Step-by-step explanation:

The probability of having a son with normal phenotype would be 1/4.

Both color blindness and anemia are X-linked and are linked together. The genes for X-linked disorders are found on the sex chromosomes with the male being XY and female being XX. The male child gets his X chromosome from the mother and Y from the father while the female child gets one of her X chromosome form the father and the other from the mother.

For recessive disorders, two recessive alleles are needed by the female on the two X chromosome to become affected while only one allele is needed on one X chromosome of the male to become affected.

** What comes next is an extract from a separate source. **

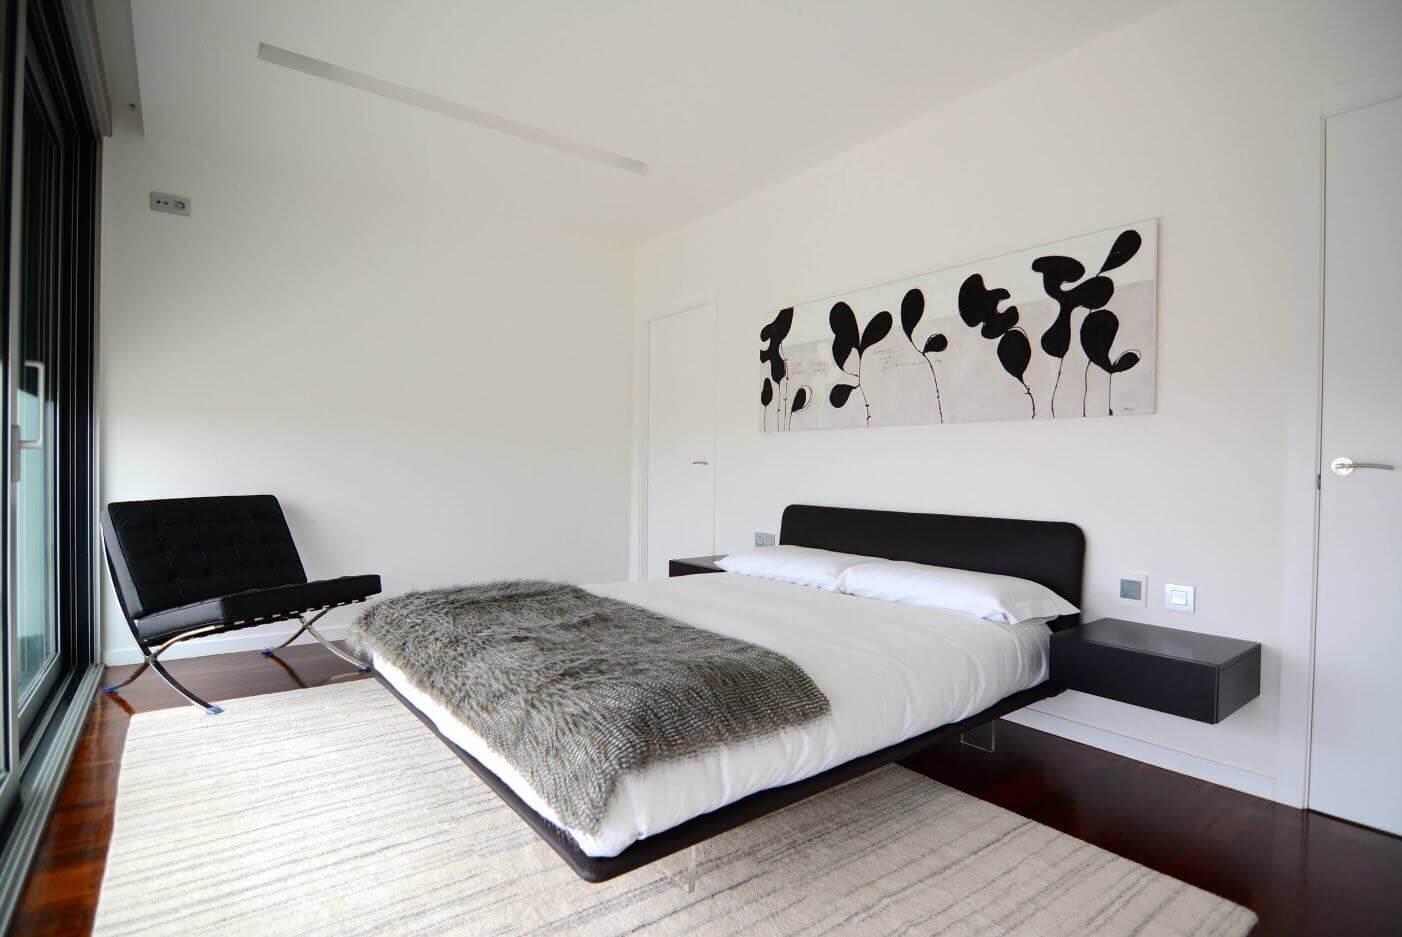 Спальня в стиле хай-тек - отделка стен (3)

Assuming the allele for color blindness is a and that of anemia is b.

George is color blind but not anemic, the genotype would be
`X^(aB)Y`

Martha is normal but her dad is color blind and anemic, this means that Martha is a carrier for both disorders with genotype
`X^(AB)X^(ab)`

Crossing the two genotypes

`X^(aB)Y` x
`X^(AB)X^(ab)`

offspring:
`X^(AB)X^(aB), X^(aB)X^(ab), X^(AB)Y, X^(ab)Y`

`X^(AB)X^(aB)` = normal phenotype female

`X^(aB)X^(ab)` = color blind, non anemic female

`X^(AB)Y` = normal phenotype male

`X^(ab)Y` = color blind, anemic male

Probability of having a son = 1/2

Probability of producing a normal phenotype child = 1/2

Hence,

Probability of a son with normal phenotype = 1/2 x 1/2 = 1/4.